While there are no stages, I could conceptually map jobs to stages in an Action workflow, and use the environment attribute to tell GitHub that a job is targeting an environment. If I need multiple jobs for a stage, I can use a naming convention to loosely group them, even if the UI won't.

Except that Actions behaves strangely when you have multiple jobs targeting a single environment (more about this later).

Infrastructure and Code

I bounce back and forth between having infrastructure and app code in the same pipeline or having separate pipelines for these concerns. Using Pipelines, I typically have an infrastructure job to get the environment resources spun up and/or configured, and then have a deployment job to deploy app code, and then have one or more test jobs for running tests. I always use a single build job to produce a single binary that is promoted between environments.

However, this can complicate approvals. Typically, ops folks will approve infrastructure changes, while dev folks will approve code deployments. As much as we should be working on cross-functional teams, it's all too common to still see silos in the enterprise. And even on cross-functional teams, we're usually all T-shaped - that is, we're usually more "ops-ey" or more "dev-ey" and so approvals tend to fall along that divide. This scenario works fine with Pipelines since each job in the stage is targeting an environment and the approvals are defined on the environment. There's no way of specifying who exactly should do the review, so the team will have to work out who's approval is currently pending (is it for infra or for code). GitHub Environments have the same limitation.

After chatting through some of the challenges with Chris Patterson (PM for Actions) he suggested splitting infra and code into separate pipelines. I can at least trigger the infra pipeline only if infra code changes, and trigger the app pipeline for everything else this way.

TailWind Web App

Let's make this a bit more concrete. For ease of use, I'll be using a DotNetCore app called TailWind originally from Microsoft, just so that I have some code I can deploy to Azure. I forked the Microsoft repo and added in Terraform templates for the infra into my version. Now I have infra-as-code as well as the app code.

Using Azure Pipelines, I would have a workflow that looks something like this:

Azure Pipeline for deploying TailWind Web App

There are multiple stages/jobs here:

  1. Stage 1: Build and test sources
    • this builds and packages the code and runs unit tests
  2. Stage 2: Deploy to DEV
    • Run terraform to create/configure infrastructure in the DEV environment
    • Deploy the web app using the package from Stage 1
    • Run Selenium (coded UI) tests
  3. Stage 3: Canary deployment to PROD
    • Run terraform to create/configure infrastructure in the PROD environment
    • Deploy the web app using the package from Stage 1
    • Route traffic to the staging slot
    • Run JMeter (load) tests
  4. Stage 4: Promote or Rollback
    • Depending on the outcome of the tests against the Canary slot, we can either promote to PROD (slot swap) or simply route all traffic back to the production slot (this is effectively a rollback)

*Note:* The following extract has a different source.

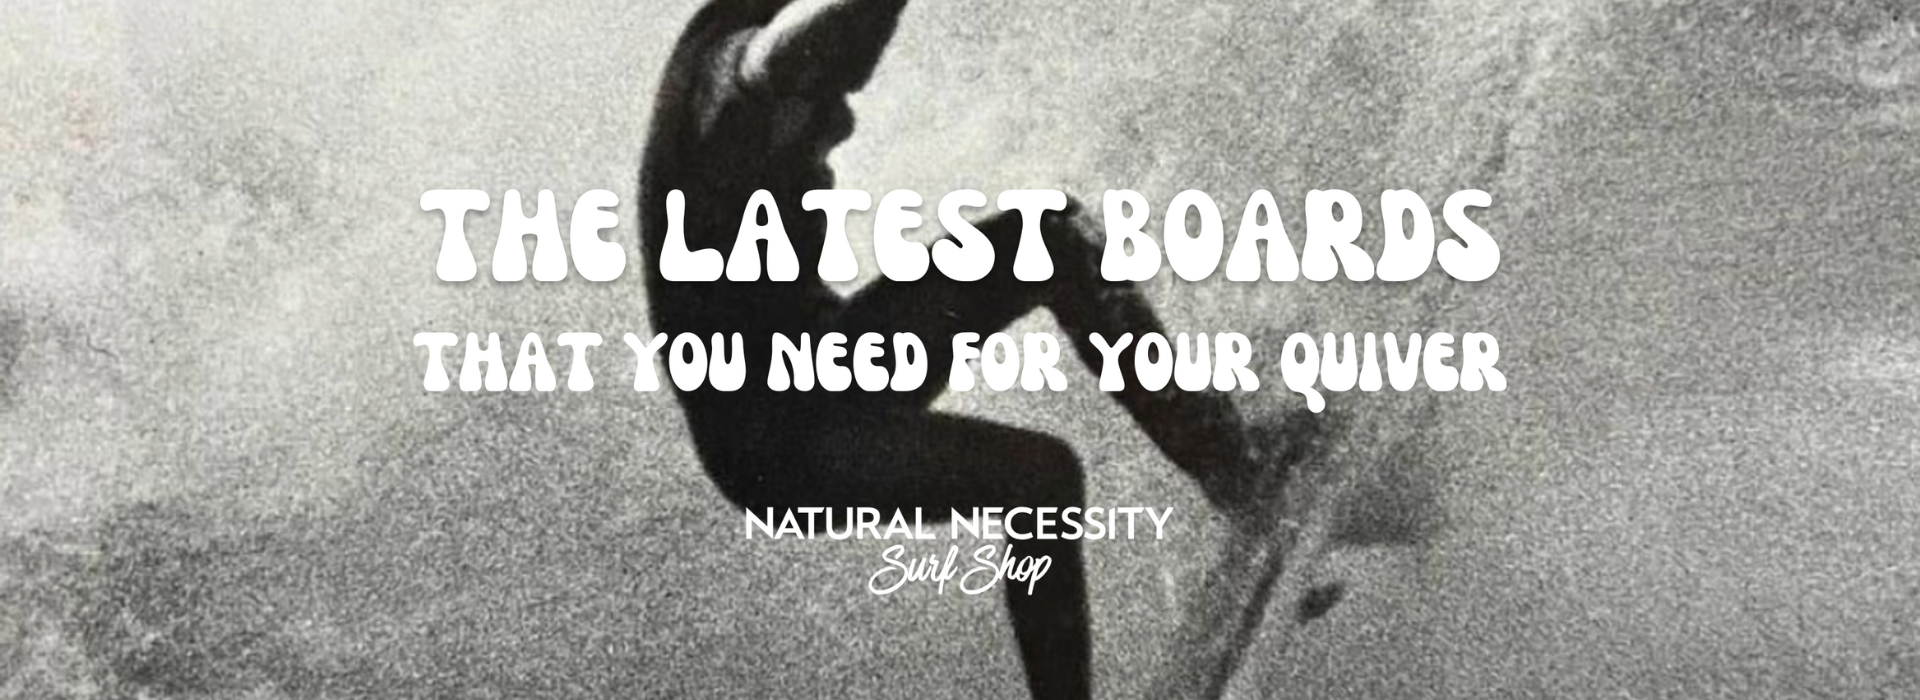 The Latest Boards You Need in Your Quiver

All the jobs in the Pipeline are templatized - you'll note that I use the same Run terraform and Deploy the web app jobs in stage 2 and 3, just passing in environment specific values.

Since I don't have stages in Actions, my initial Action workflow looked like this:

End to end Action

Here I have the following jobs:

  1. build - builds and packages code (and would run unit tests here if I had any)
  2. dev_infra_plan - runs terraform plan against the DEV environment
  3. dev_infra_apply - downloads the output plan from the previous job and runs terraform apply
  4. dev_deploy - deploys web app package from job 1 to the DEV environment
  5. prod_infra_plan - runs terraform plan against the PROD environment
  6. prod_infra_apply - downloads the output plan from the previous job and runs terraform apply
  7. prod_deploy - deploys web app package from job 1 to the PROD environment

Yes, I had to use copy and paste for jobs 2 and 5, 3 and 6 and 4 and 7. But I know templates are coming, so I could live with that for a while. However, the job got stuck in this state and I could never get to job 5 (the start of the PROD jobs). That's when Chris Patterson helped me understand that because I have multiple jobs targeting the same environment(s) strange things are happening...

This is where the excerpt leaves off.